Back to XR Fragments: the IETF route (promoting the RFC there, in order to suggest to W3C) also seems like a risky investment of time.
Not sure which is the best way to go about this.
Perhaps I should first try coming up with a portable chromium-patch and a demo.
Any thanks for the reply, any ideas are welcome.

Well IMHO that would be a complete revamp of the HTML5 model which I am not sure could happen in the short medium term even if you manage to convince all the involved actors.

Note that in the case of Wolvic we're already doing something similar to what you propose. Wolvic is really an app that uses a fairly simple and small 3D scenegraph library to render a 3D world in which we embed a traditional 2D browser which is capable of doing WebXR.

I totally agree, revamping the HTML5 is off the table.
It's a bit of chicken/egg issue.
You are basically describing Wolvic as a hypermedia browser which uses chromium/gecko to render HTML5 media (which phones home to the app via WebXR).

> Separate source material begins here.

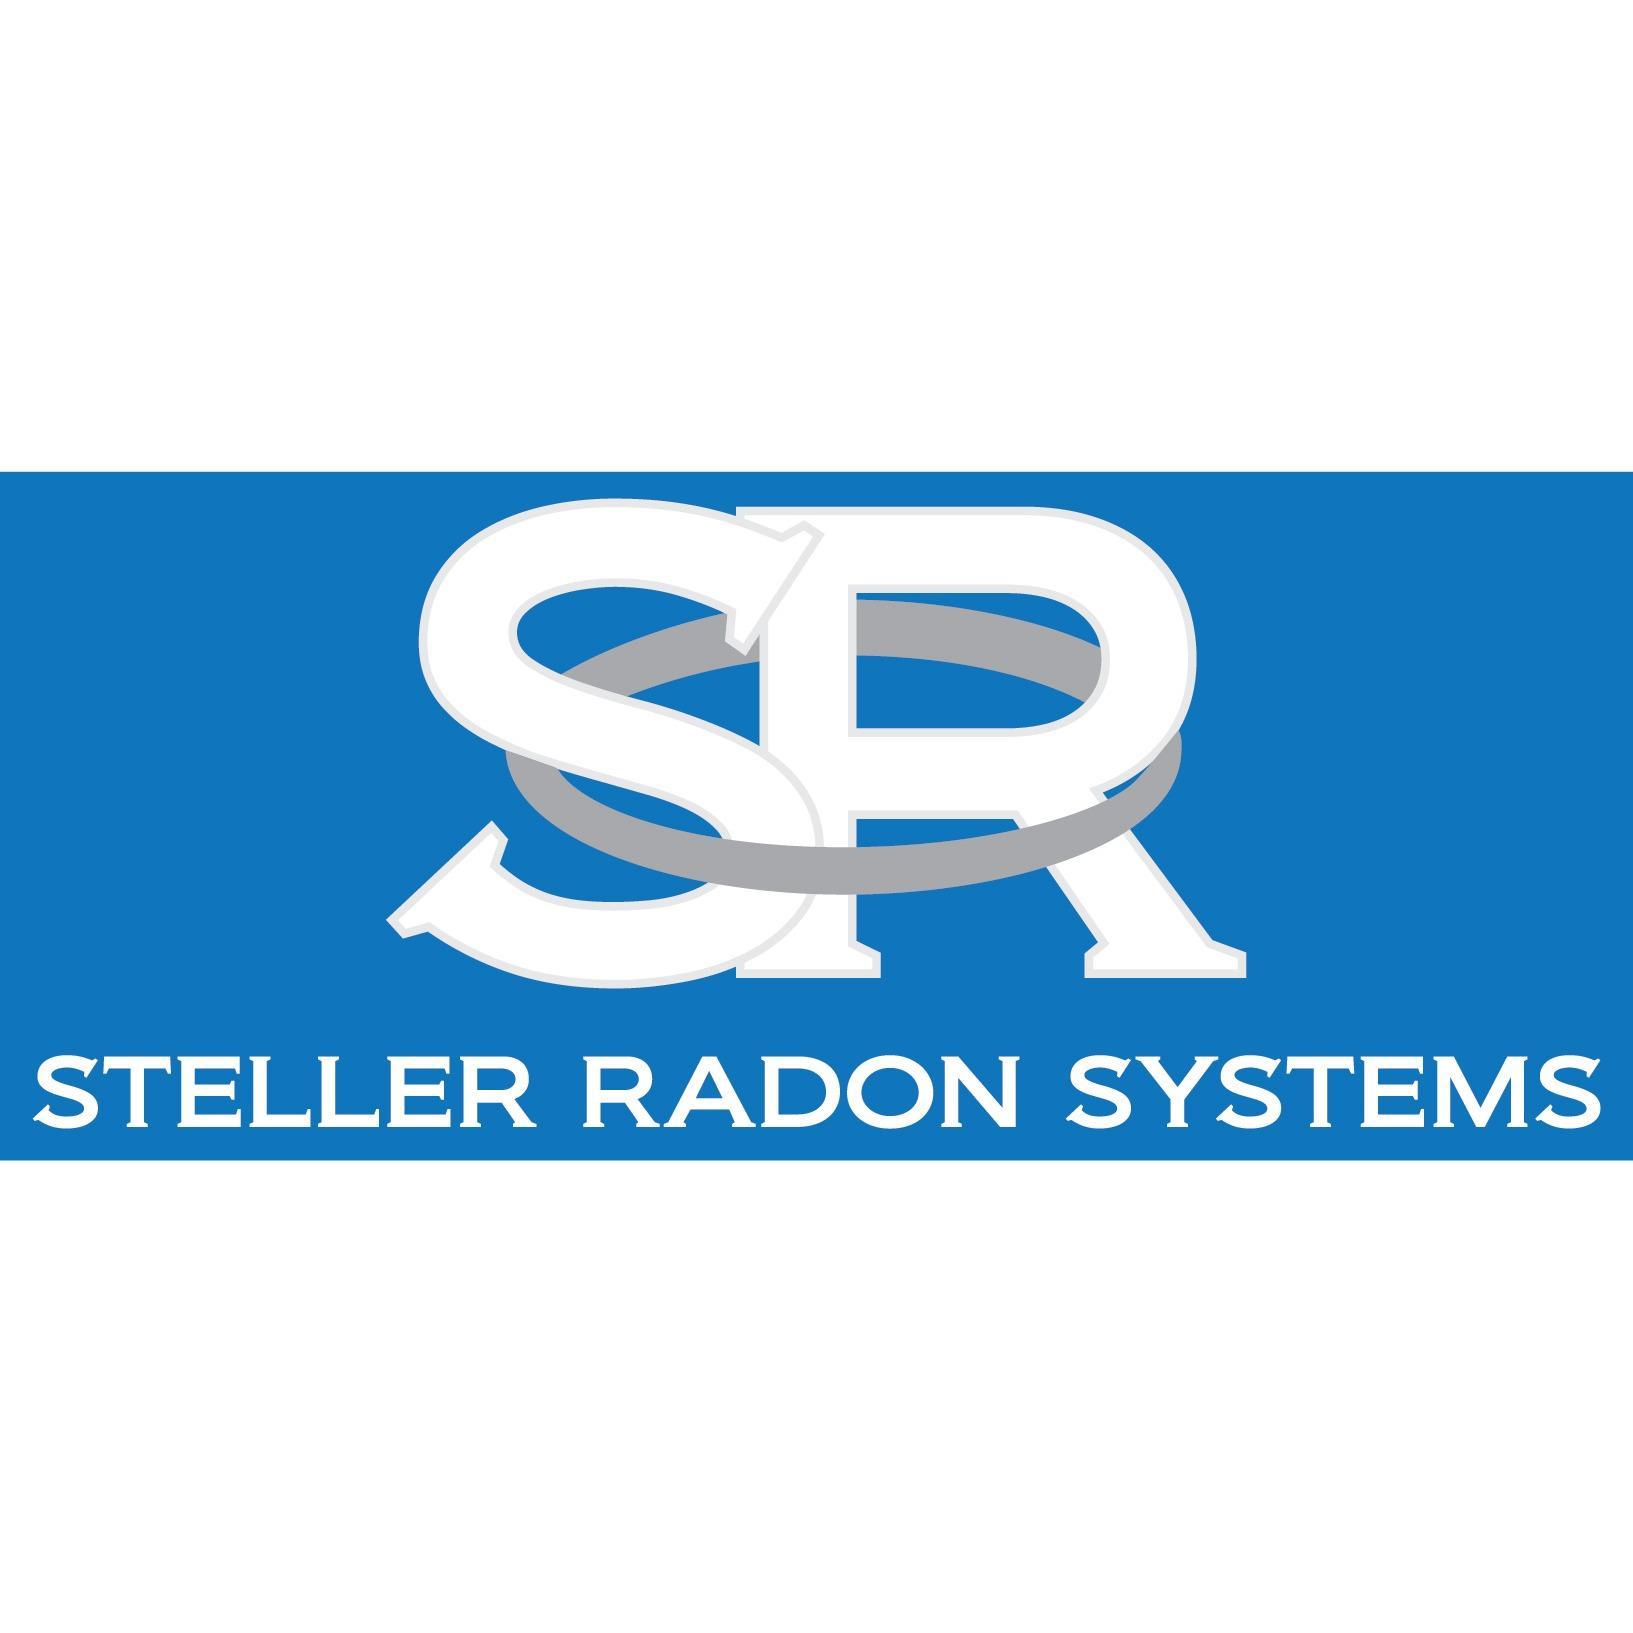 Steller Radon Systems

Some weeks ago, I've published a basic Godot Template to create 'XR hypermedia browsers' (with support for XR fragment URI's included), so technically I can publish an XR browser 'app' too (perhaps embed a HTML rendering engine too at some point):

https://xrfragment.org/#%F0%9F%A7%B0%20GODOT

Anyways, thanks for the brainstorm.
Let me know in case you want to experiment beyond chromium/gecko's hypertext-lens, and allow native viewing of 3D model URLs too (usecases: set home-environment to https://wolvic.org/home.glb#pos=scene2, surf to https://svillar.homepage.net/testenvironment.glb#pos=attic e.g.)
I'd be happy to chime in.

Anyways, thanks for the brainstorm.
Let me know in case you want to experiment beyond chromium/gecko's hypertext-lens, and allow native viewing of 3D model URLs too (usecases: set home-environment to https://wolvic.org/home.glb, surf to https://svillar.homepage.net/testenvironment.glb e.g.)
I'd be happy to chime in.

That sounds like exciting. Right now we have way too many things over the table, but we should seriously consider that for the future. Thanks for the comments!